# Freddy - Nightmare On Elm St Bathroom



## propmistress (Oct 22, 2009)

Blood Clings on the mirror
Bloody toliet water (they have red pool and bath tablets)
Bloody hand towels 
Victim's body


----------



## BrahmaBabe (Sep 21, 2010)

Hi there!
We are going to do the same bathroom and plan on using gel bloody hand clings and the clear stickem hand clings (all can be bought at DT). I think I'm also going to add spiders crawiling all over the place, roaches too. I'm gonna use some 3m sticky tape stuff to stick spiders to the walls and ceilings...really make it scary. The hubs and I are also gonna burn a CD (1, 2, Freddy's comin for you) and have it hidden under the bathroom counter to play on repeat all night long. Our downstairs is also just a potty and sink...so we're gonna make it spooky. We don't want too many people upstairs and have people staying over so we need to make the upstairs bathrooms somewhat livable - but will be adding some light effects and maybe a cd player on repeat playing whispers under the counter....


----------



## krissibex (Sep 23, 2010)

Awesome thanks everyone! I went to the $1 and target and got some brown/red towels on sale and am going to slash them like a claw got them and put an old red shirt behind it so the slash stands out more & i got some jars and such and am going to make poison looking bottles with labels that say "Draft of Nightmares" and stuff like that

Got some black and red roses and stuff too and Target had some stick-out fake blood jelly decals meant for windows but i tried last night and they look great draped over the sink and counter and wont stain or anything



BrahmaBabe said:


> Hi there!
> We are going to do the same bathroom and plan on using gel bloody hand clings and the clear stickem hand clings (all can be bought at DT). I think I'm also going to add spiders crawiling all over the place, roaches too. I'm gonna use some 3m sticky tape stuff to stick spiders to the walls and ceilings...really make it scary. The hubs and I are also gonna burn a CD (1, 2, Freddy's comin for you) and have it hidden under the bathroom counter to play on repeat all night long. Our downstairs is also just a potty and sink...so we're gonna make it spooky. We don't want too many people upstairs and have people staying over so we need to make the upstairs bathrooms somewhat livable - but will be adding some light effects and maybe a cd player on repeat playing whispers under the counter....

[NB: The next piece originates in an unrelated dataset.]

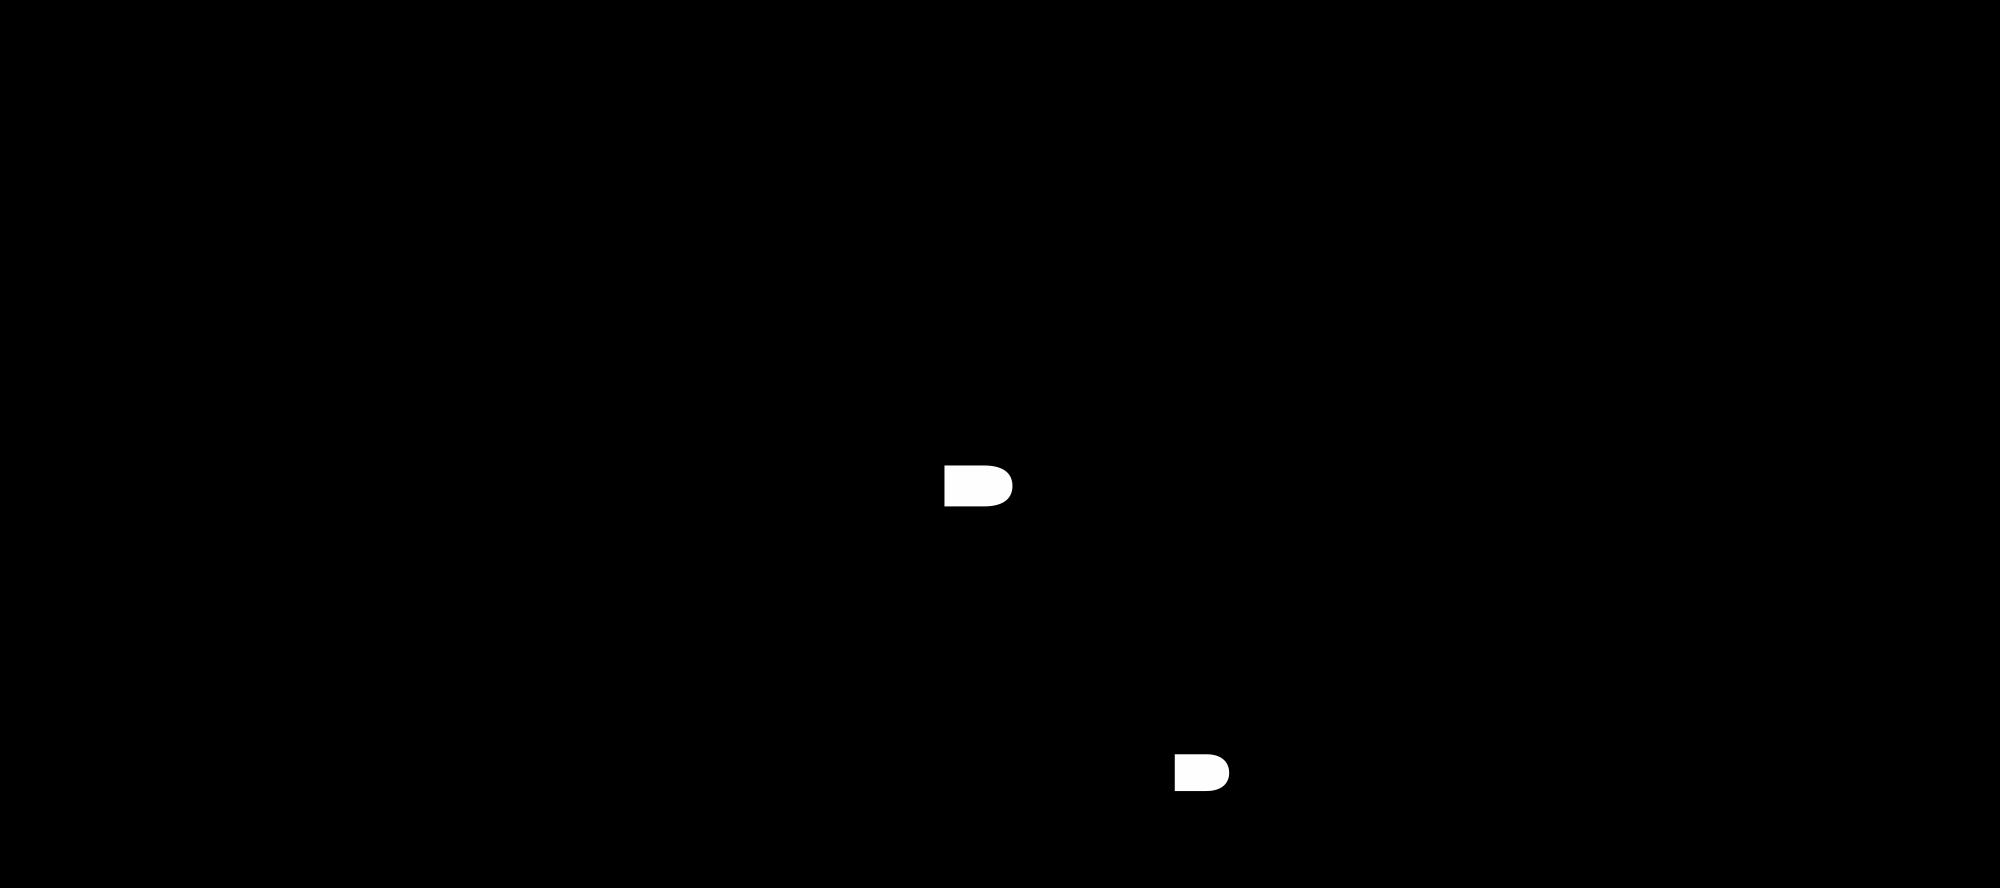 Archivo:UEFA Intertoto Cup logo.png - Wikipedia, la enciclopedia libre

YES i had the same ideas last night!! I already have all these freddy mp3 quotes here:http://www.soundboard.com/results.aspx?keyWord=nightmare%20on%20elm%20street

that i was going to have playing in the bathroom. Awesome. 

If anyone has anything else, i'd still love even more ideas


----------



## krissibex (Sep 23, 2010)

Great ideas thank you everyone!! If anyone still has more that's wonderful. 

BrahmaBabe .. YES ME TOO .. i got a bunch of Freddy/nightmare on elm street mp3 already to have playing. 

Here's some good sites in case you haven't already found some:

http://www.soundboard.com/results.aspx?keyWord=nightmare%20on%20elm

http://www.houseofhorrors.com/nightmarepics.htm - Scroll to bottom


----------



## lilwitch (Sep 25, 2010)

A couple of days ago, I saw at Walgreens, a great Freddy door (plastic) decoration that plays the theme music, I think it was $10....they also had Friday the 13th.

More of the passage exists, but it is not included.